Here is the code and the output atleast seems to work in the same direction.

def custom_map5(preds, lgb_dataset):
    labels = lgb_dataset.get_label()
    groups_size = lgb_dataset.get_group()
    begin = 0
    ranks = []
    for group_size in groups_size:
        preds_group = preds[begin : (begin + group_size)]  # noqa
        temp = (-preds_group).argsort()
        ranks_group = np.empty_like(temp)
        ranks_group[temp] = np.arange(len(preds_group))
        ranks.append(ranks_group)
        begin += group_size

    ranks = np.concatenate(ranks)
    is_top5 = ranks < 5
    map5 = labels[is_top5].sum() / labels.sum()
    return "custom_map@5", map5, True


lgb_train = lgb.Dataset(X_train, label=y_train, group=group_train)
lgb_valid = lgb.Dataset(X_valid, label=y_valid, group=group_valid)

param_ranking = {
    "objective": "lambdarank",
    "label_gain": [i for i in range(max(y_train.max(), y_valid.max()) + 1)],
    "metric": ["ndcg", "map"],
    "eval_at": 5,
    "random_state": 1,
    "verbosity": -1,
    # 'num_threads': 16,
    "learning_rate": 0.2,
}

model_gbm = lgb.train(
    param_ranking,
    lgb_train,
    2000,
    valid_sets=[lgb_train, lgb_valid],
    early_stopping_rounds=20,
    verbose_eval=10,
    feval=custom_map5,
)

df_valid["pred"] = model_gbm.predict(X_valid)
df_valid["pred_rank"] = df_valid.groupby(cols_group)["pred"].rank(ascending=False, method="first")
map5_valid = df_valid[df_valid["pred_rank"] <= 5]["click_cnt"].sum() / df_valid["click_cnt"].sum()

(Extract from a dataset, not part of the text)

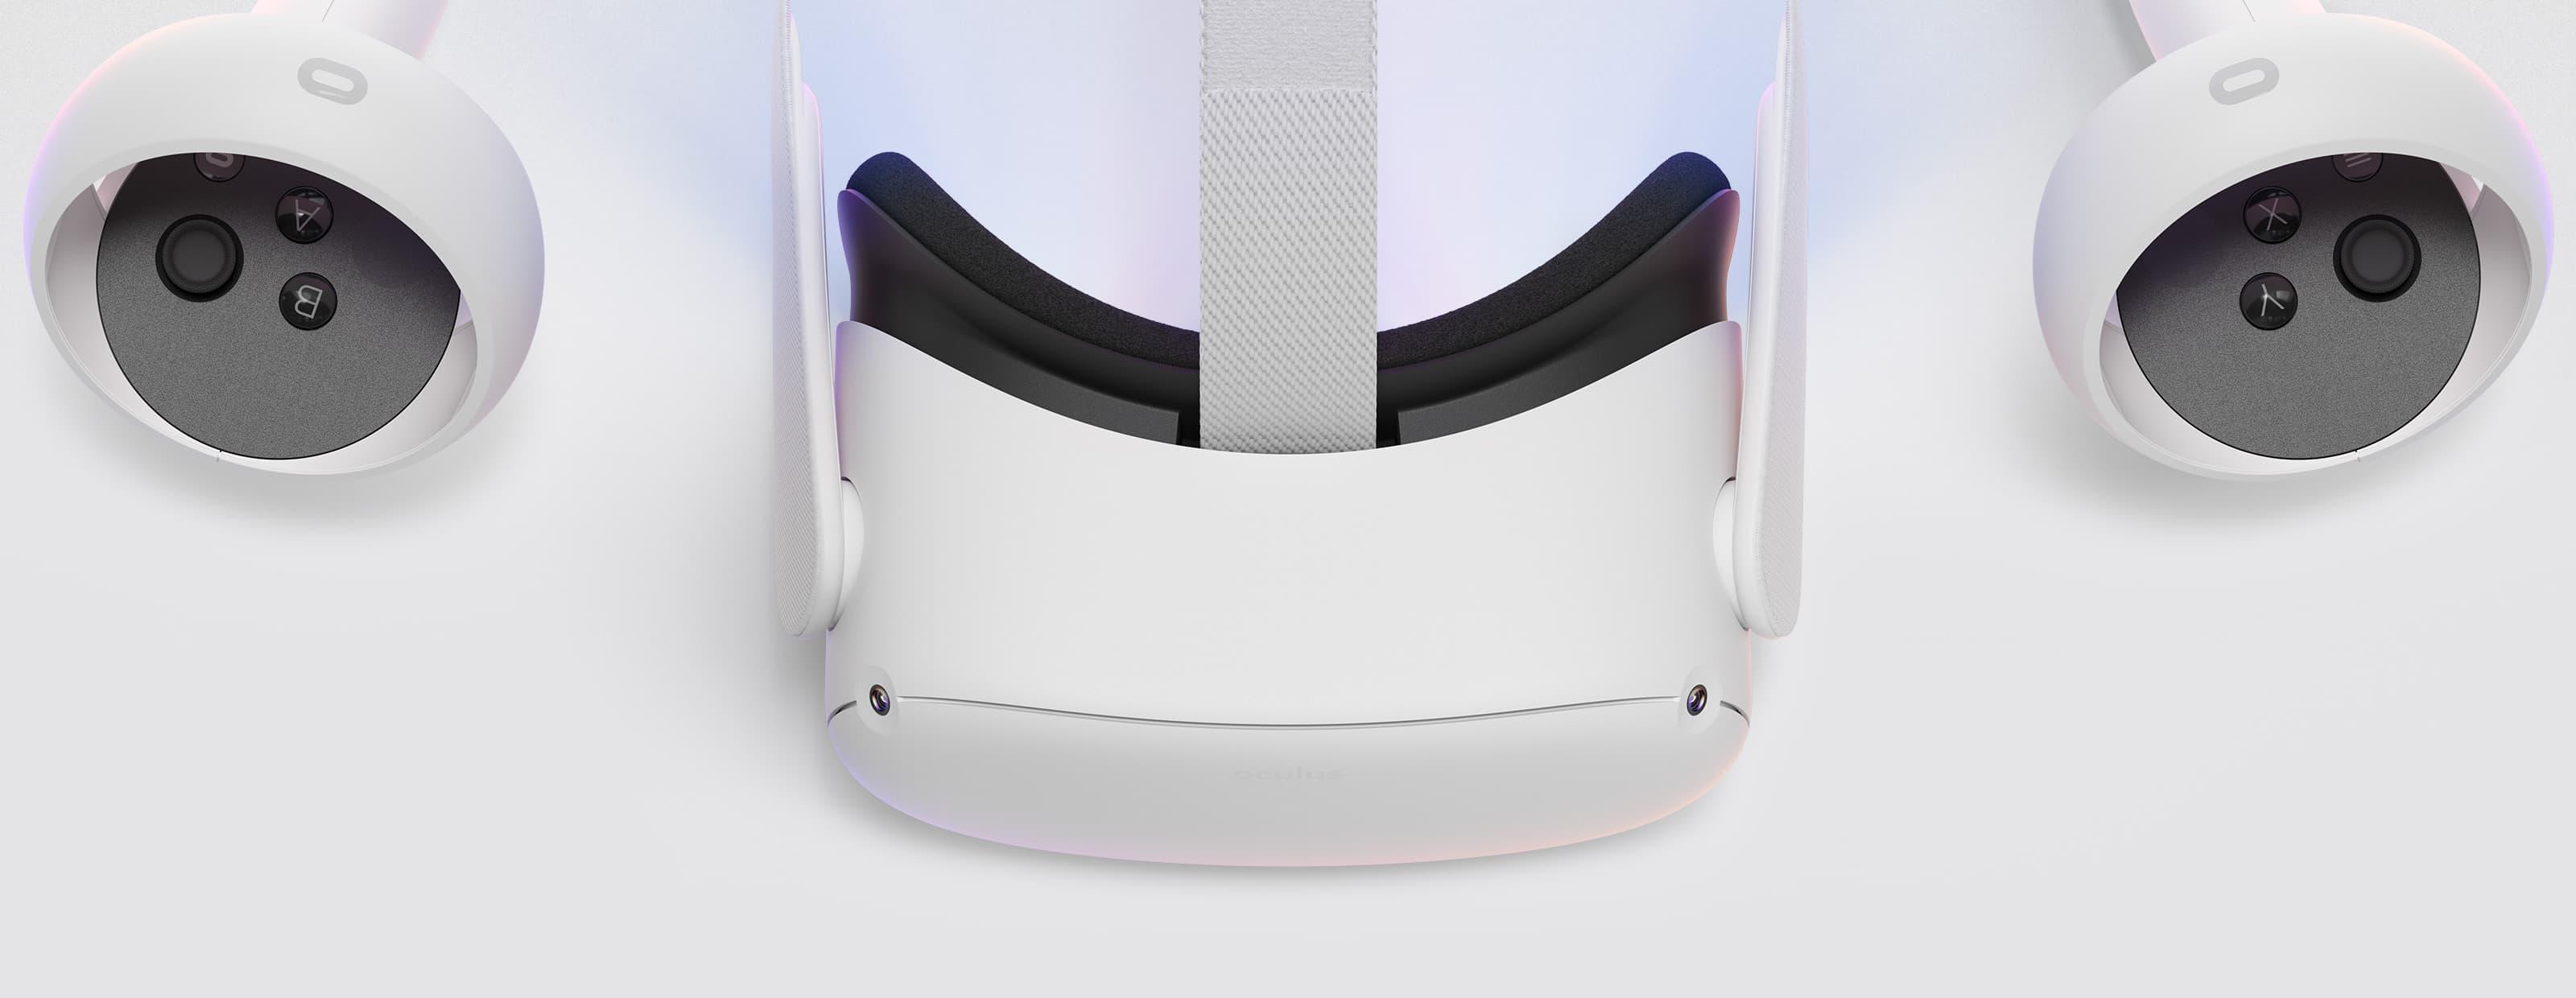 Gafas de realidad virtual - Facebook Oculus Quest2, 64 GB, Vídeo 360º, Blanco

np.testing.assert_almost_equal(model_gbm.best_score["valid_1"]["custom_map@5"], map5_valid, decimal=3)

Outputs :

Training until validation scores don't improve for 20 rounds
[10]	training's ndcg@5: 0.815343	training's map@5: 0.783007	training's custom_map@5: 0.520511	valid_1's ndcg@5: 0.813017	valid_1's map@5: 0.779521	valid_1's custom_map@5: 0.523949
[20]	training's ndcg@5: 0.819935	training's map@5: 0.788001	training's custom_map@5: 0.522785	valid_1's ndcg@5: 0.815812	valid_1's map@5: 0.782607	valid_1's custom_map@5: 0.526175
[30]	training's ndcg@5: 0.822388	training's map@5: 0.790513	training's custom_map@5: 0.523917	valid_1's ndcg@5: 0.817068	valid_1's map@5: 0.783851	valid_1's custom_map@5: 0.527015
[40]	training's ndcg@5: 0.824651	training's map@5: 0.792752	training's custom_map@5: 0.524872	valid_1's ndcg@5: 0.817749	valid_1's map@5: 0.784574	valid_1's custom_map@5: 0.527479
[50]	training's ndcg@5: 0.826833	training's map@5: 0.795156	training's custom_map@5: 0.525806	valid_1's ndcg@5: 0.818177	valid_1's map@5: 0.785092	valid_1's custom_map@5: 0.527947
[60]	training's ndcg@5: 0.828554	training's map@5: 0.797114	training's custom_map@5: 0.526303	valid_1's ndcg@5: 0.818361	valid_1's map@5: 0.785287	valid_1's custom_map@5: 0.528142
[70]	training's ndcg@5: 0.830337	training's map@5: 0.799026	training's custom_map@5: 0.526703	valid_1's ndcg@5: 0.818588	valid_1's map@5: 0.785558	valid_1's custom_map@5: 0.52843
[80]	training's ndcg@5: 0.831949	training's map@5: 0.800502	training's custom_map@5: 0.527388	valid_1's ndcg@5: 0.818452	valid_1's map@5: 0.785409	valid_1's custom_map@5: 0.528522
Early stopping, best iteration is:
[69]	training's ndcg@5: 0.830104	training's map@5: 0.798771	training's custom_map@5: 0.526663	valid_1's ndcg@5: 0.8187	valid_1's map@5: 0.785716	valid_1's custom_map@5: 0.528426

They seems correlated (at least I know I'm optimizing in the right direction), but still don't understand why I'm not able to reproduce the same results between map@5 and custom_map@5. Any idea welcome!

[lgrz]

One thing to note is that AP is usually calculated with binary relevance judgments. Perhaps this is related to your issue?